## What you will do
Skip the pictures. Transcribe the rest of the data below without changing a word.

## Supplied information
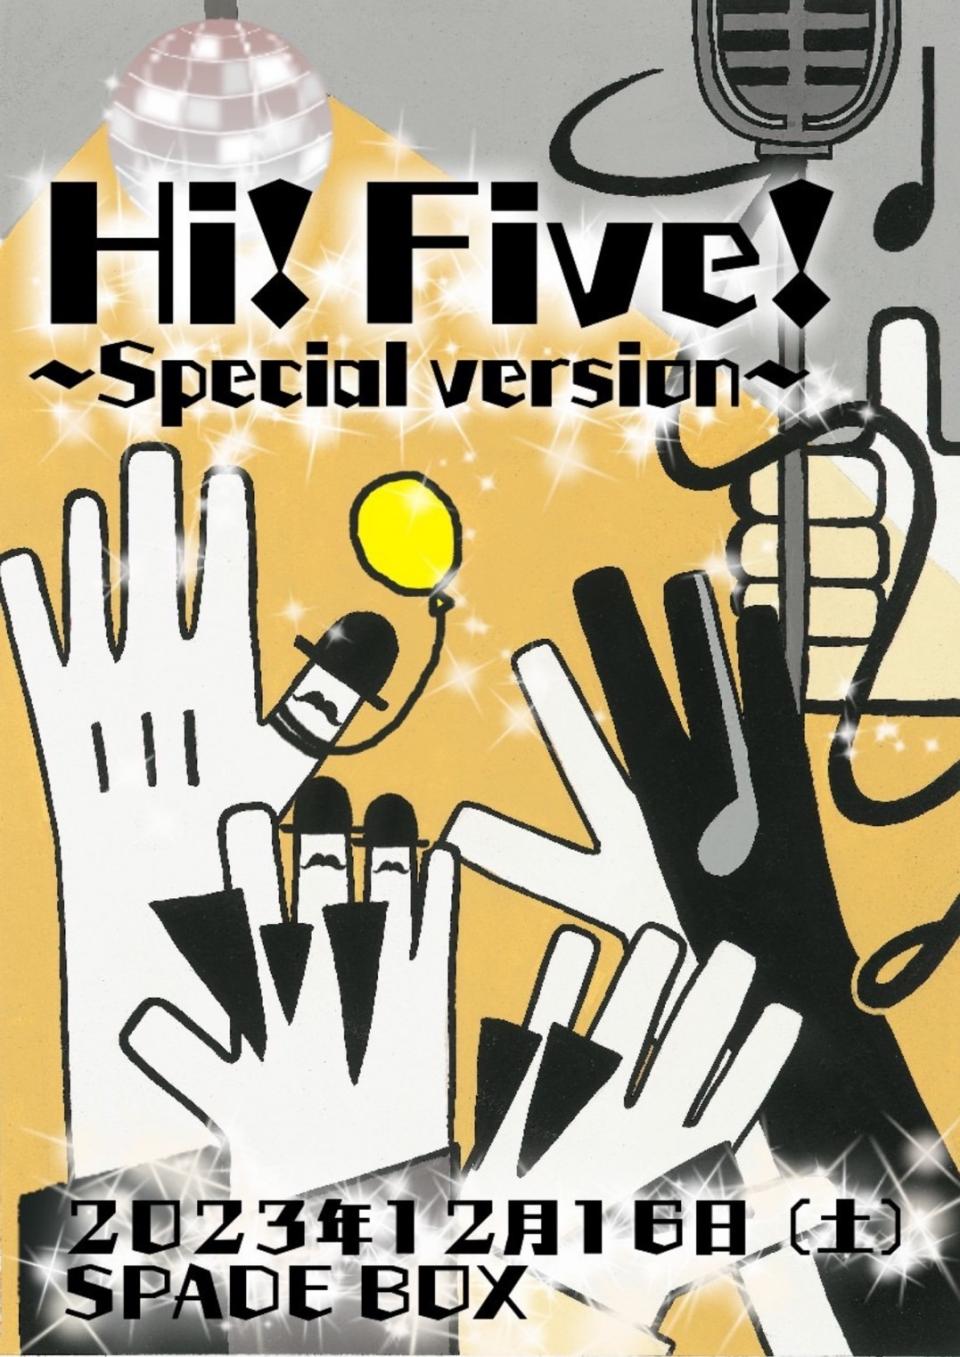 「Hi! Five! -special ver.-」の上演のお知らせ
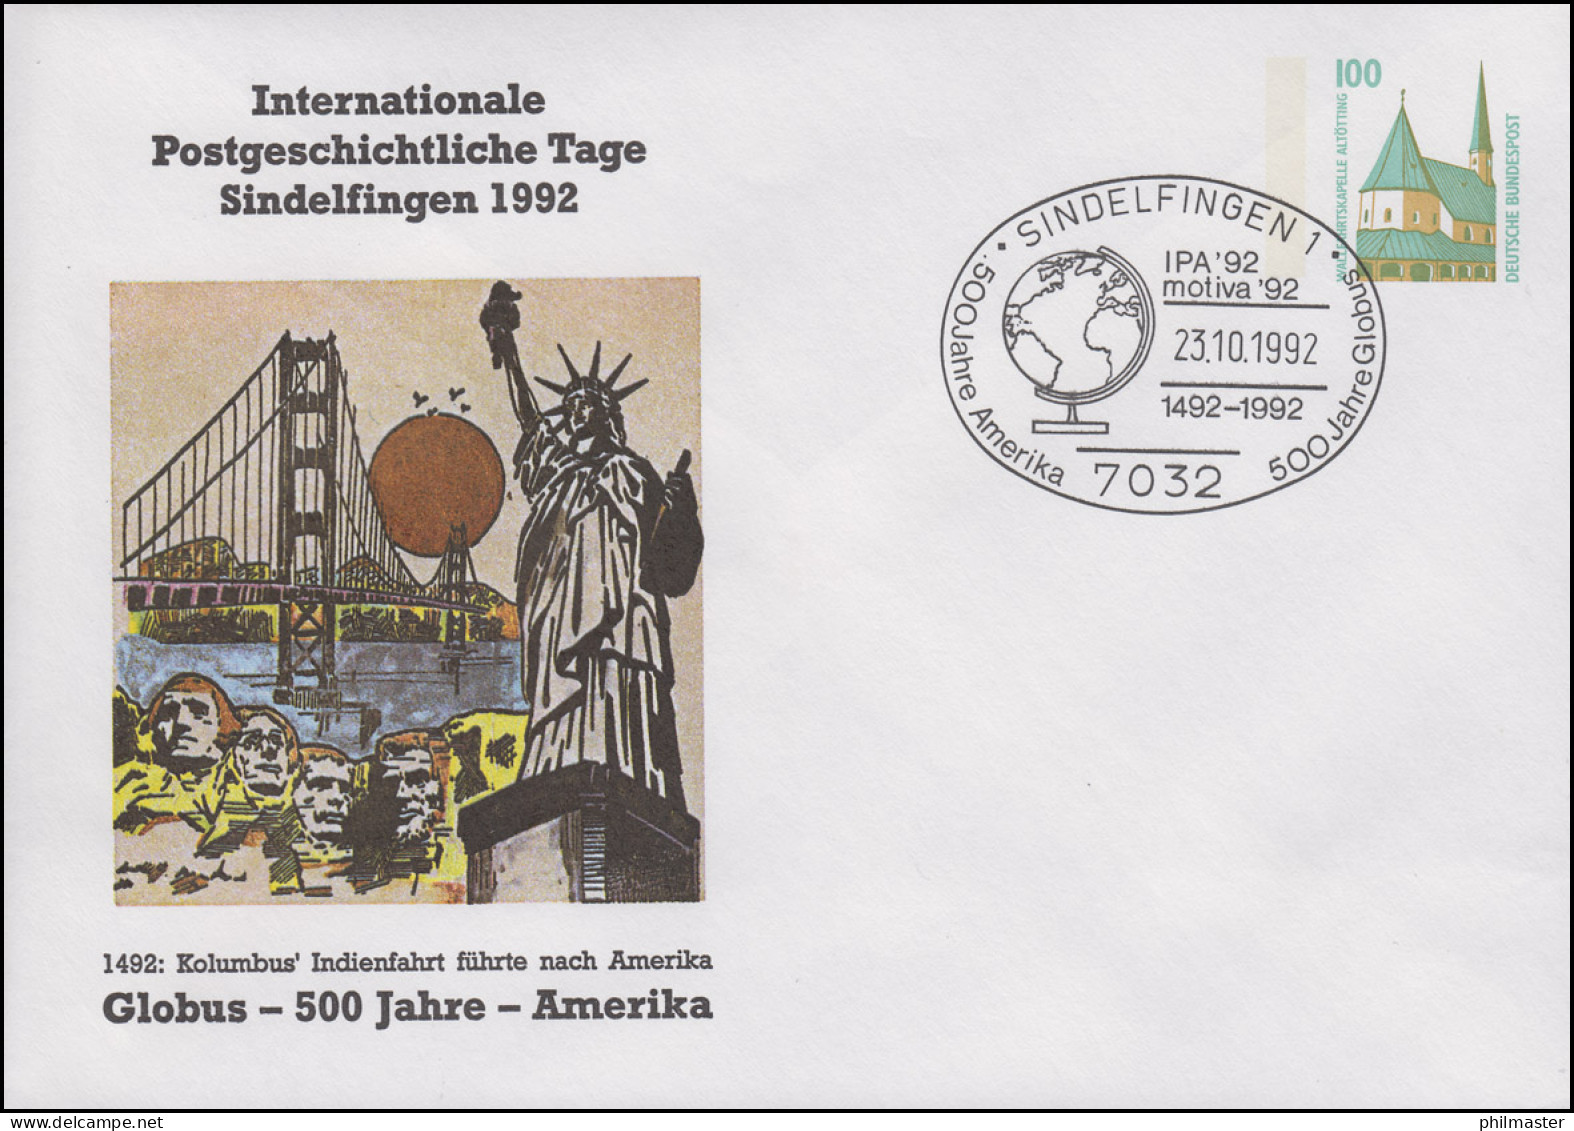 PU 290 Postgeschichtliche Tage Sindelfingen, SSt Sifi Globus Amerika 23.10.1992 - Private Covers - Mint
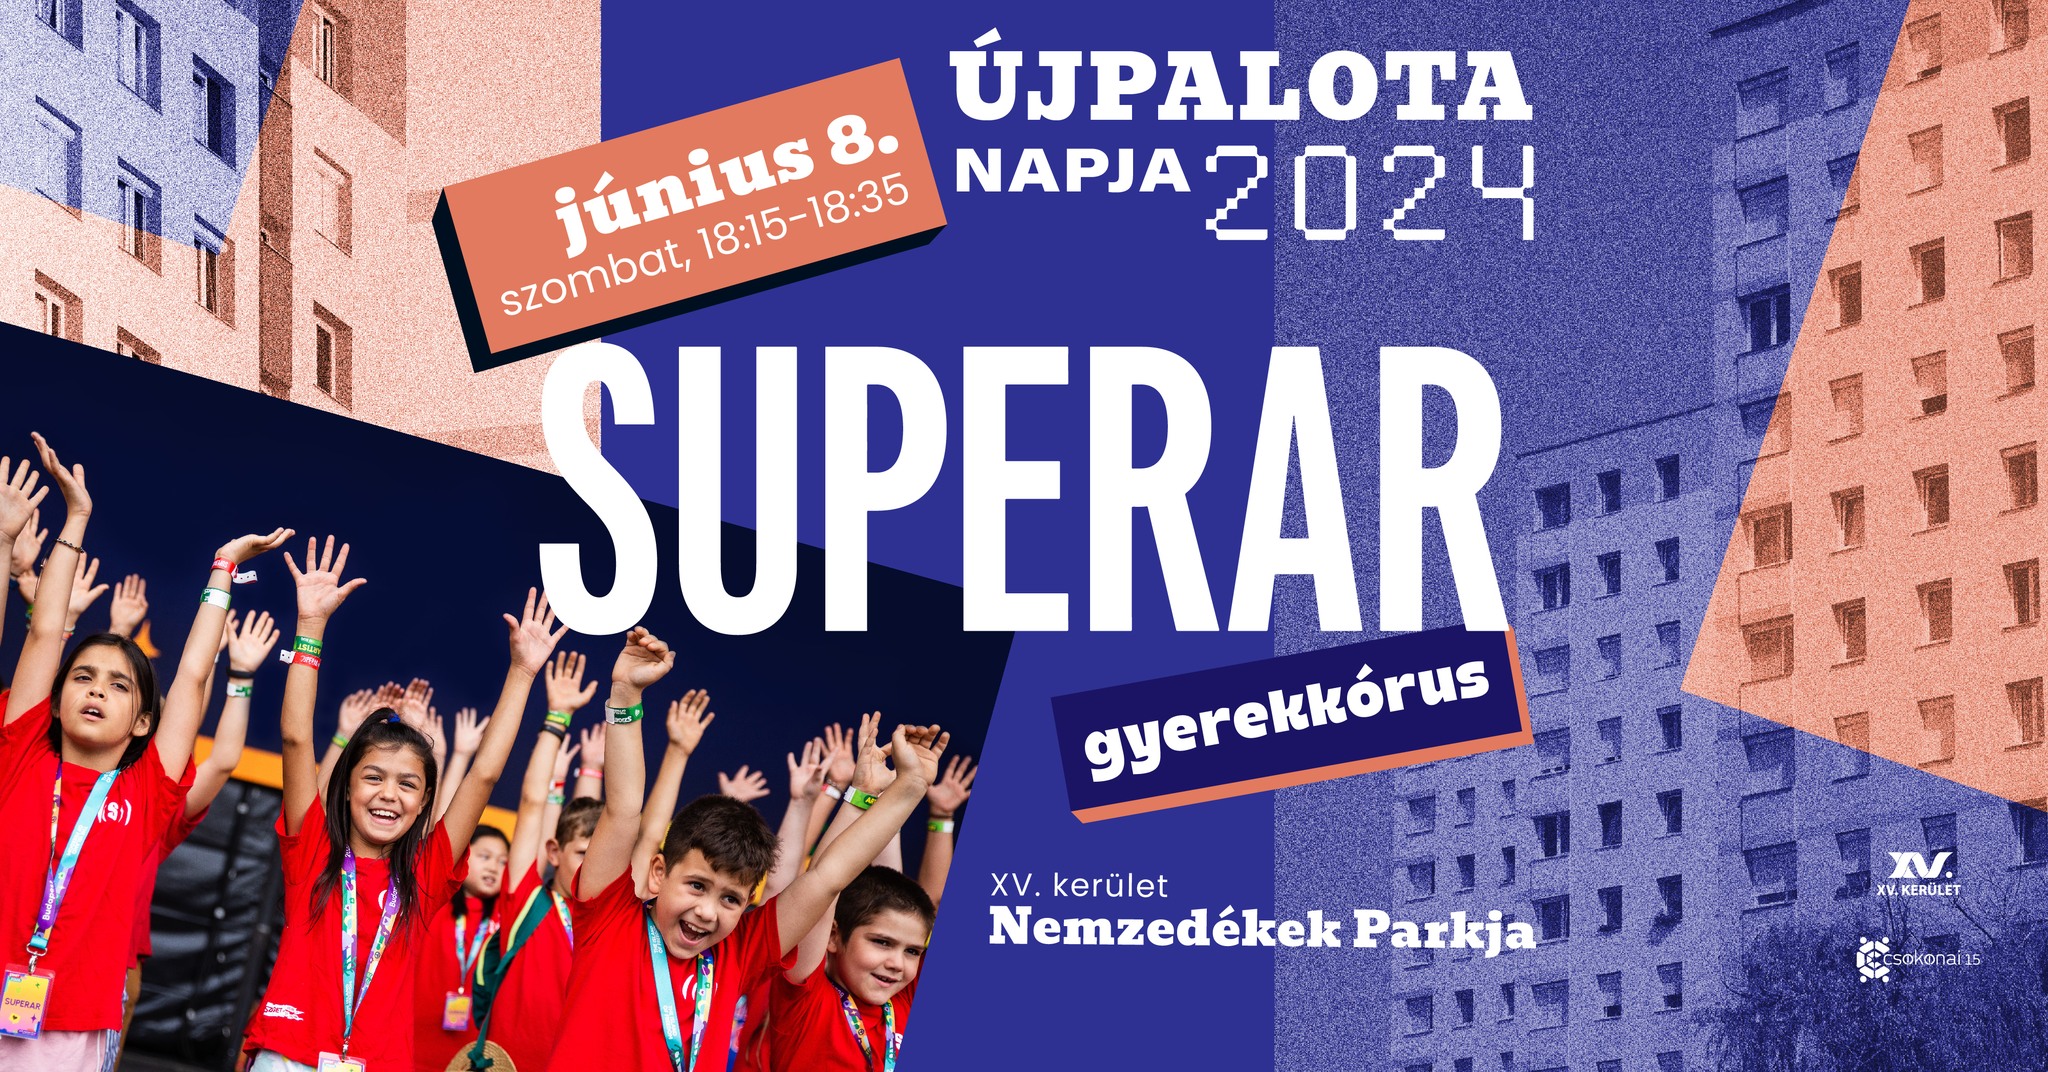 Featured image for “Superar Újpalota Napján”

## Task solution
 「Hi! Five! -special ver.-」の上演のお知らせ
 PU 290 Postgeschichtliche Tage Sindelfingen, SSt Sifi Globus Amerika 23.10.1992 - Private Covers - Mint
 Featured image for “Superar Újpalota Napján”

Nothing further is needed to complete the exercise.